First off, the Capture Integration "2-stop" plate works extremely well, and I used it as my gold standard benchmark. I experimented with denser and less dense, or more accurately less transmissive and more transmissive materials.
What I learned is it didn't really matter much as long as you have a reasonably centered histogram on the capture file, the material has enough diffusion to give a smooth gradient to work with, and of course that it is neutral in color. Some specifics:
1) A denser material called "sign white" in 1/8th" thickness was a very clean white but required a 3-stop correction. While it worked very well, it did raise the noise floor on long exposures. I never noted that the noise corrupted an LCC, but it's a PITA to add 3-stops for the LCC when you're already shooting say a 1 second early morning landscape exposure. (In fact, I realized it's a PITA to have to change the exposure at all.) This material is also available in 1/16th inch, but it still required a near 3-stop correction factor, so not really any help.
2) I tried a 60% transmissive 1/8th" mild diffusion plexi that did NOT generate a good LCC. It did not require any exposure correction, histo was centered at base exposure, but it generated an LCC that over-correctied for lighting falloff by about 1/3rd stop. Not exactly sure why, but it did, and so the LCC was not accurate. The zero exposure offset was certainly welcome in the workflow, but since it didn't work perfectly it got tossed.
3) The material I settled on is called 40% transmissive "standard diffusion" plexi, again I used the 1/8th" thickness. This material has a nominal 1-stop offset, but the reality is the histo is so close to centered that you don't need to actually add the offset -- very convenient when shooting! This generated an identical LCC to the CI plate.
4) The other thing I experimented with was buffing to knock the gloss off so the surface was not reflective. Good news is it does kill reflections and generates an identical LCC to either my or CI's glossy plate. I have had a few issues when my CI plate was not firmly against the lens and the LCC had a weird reflection in it that ruined the LCC, so I decided this might help. My hope is this mitigates that problem and initial tests seem to confirm it will. I used a "green" Scotch-Bright synthetic steel wool pad to buff down the surface of the plate. (Note you can buy the 3-stop sign white material in matte surface, but I had already ruled out 3-stop material as unfriendly to my workflow.)
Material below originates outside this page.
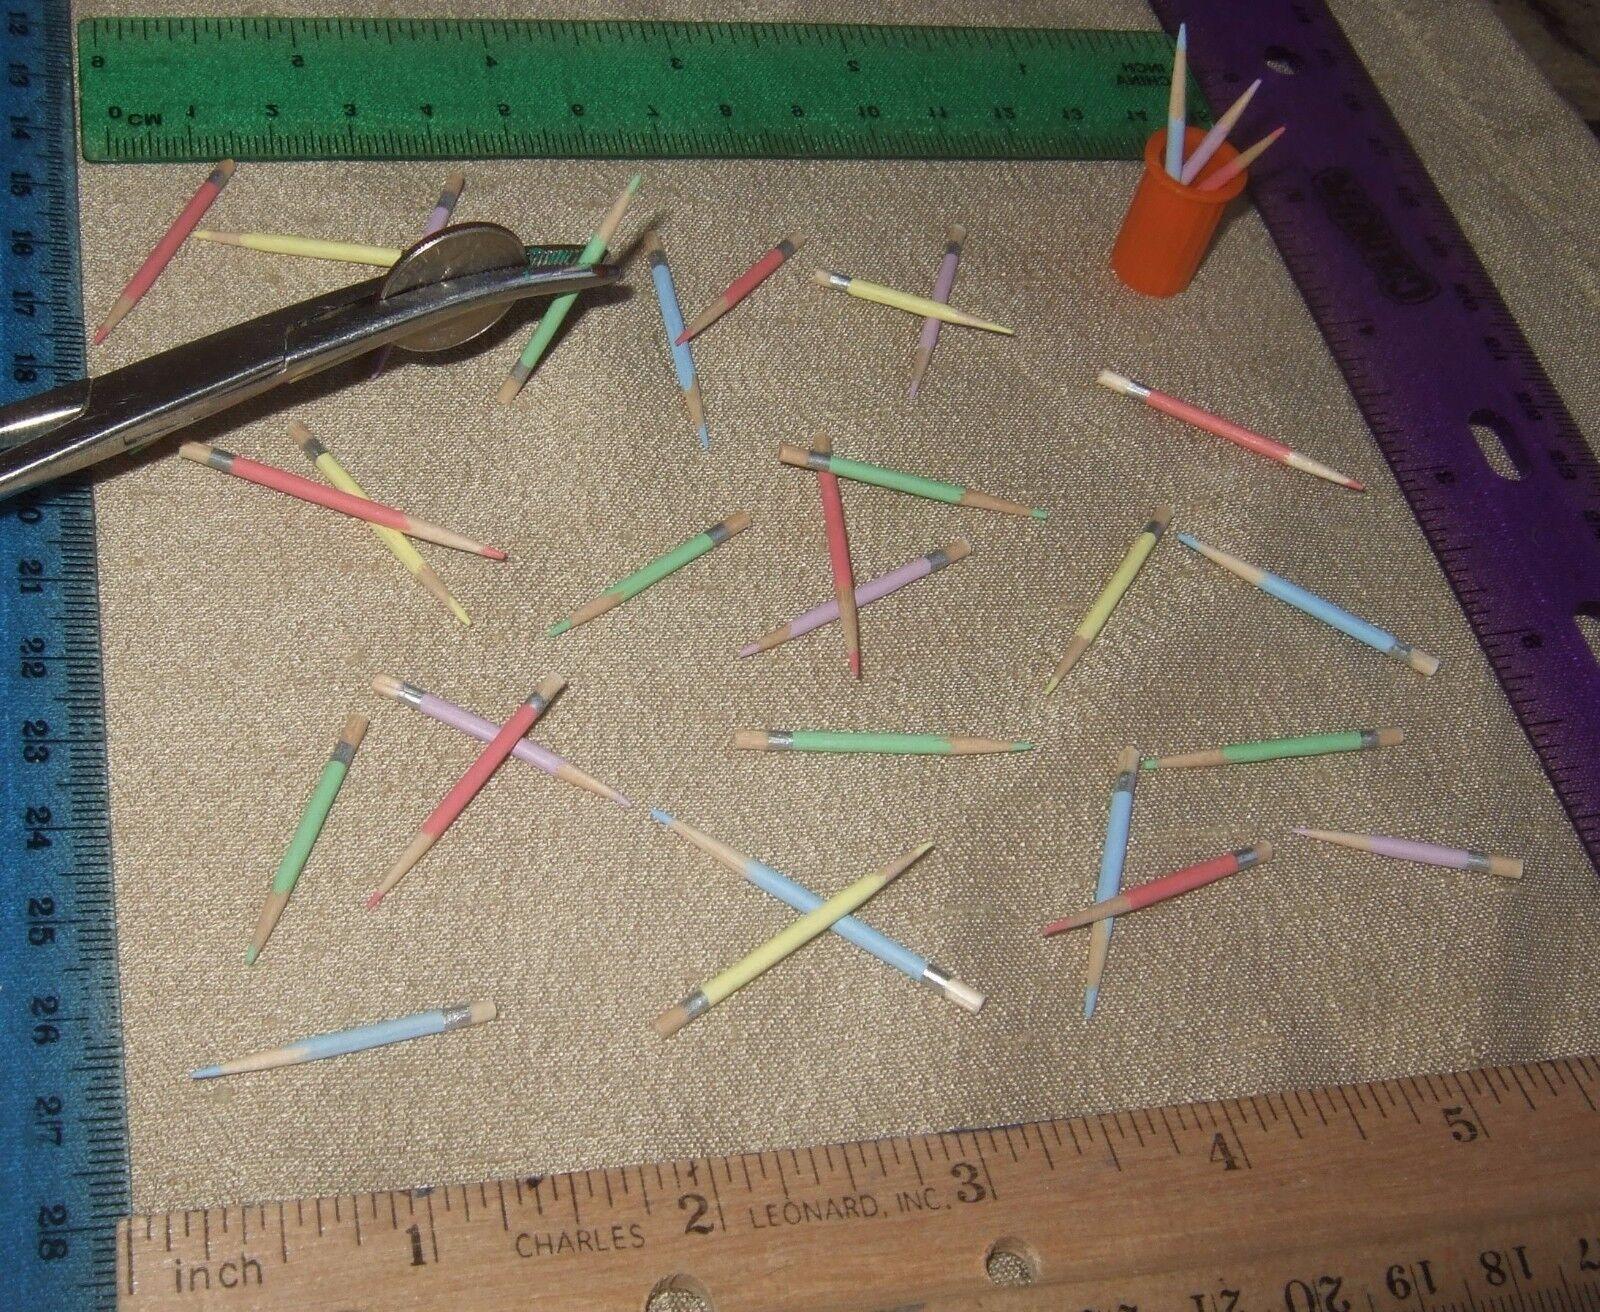 MINIature DollHouse Barbie Scrapbook CRAFTS School Farbe Pencils 1  Sc LOT 400

The only reason I started this search is the CI plate was not quite large enough to fit over my compendium hood and I was looking for a possibly easier workflow when using my tech cam with the hood than having to spin the hood out of the way. My larger plates worked great with the hood, but then I got another idea -- I modified the edges of one plate to slide into the filter slot of my compendium hood. For me this is an attractive convenience, and so far in use I like the hands-free bit
I obtained all of my material from a local TAP plastics store, but you can of course order online from them or probably find it in any well stocked home supply store.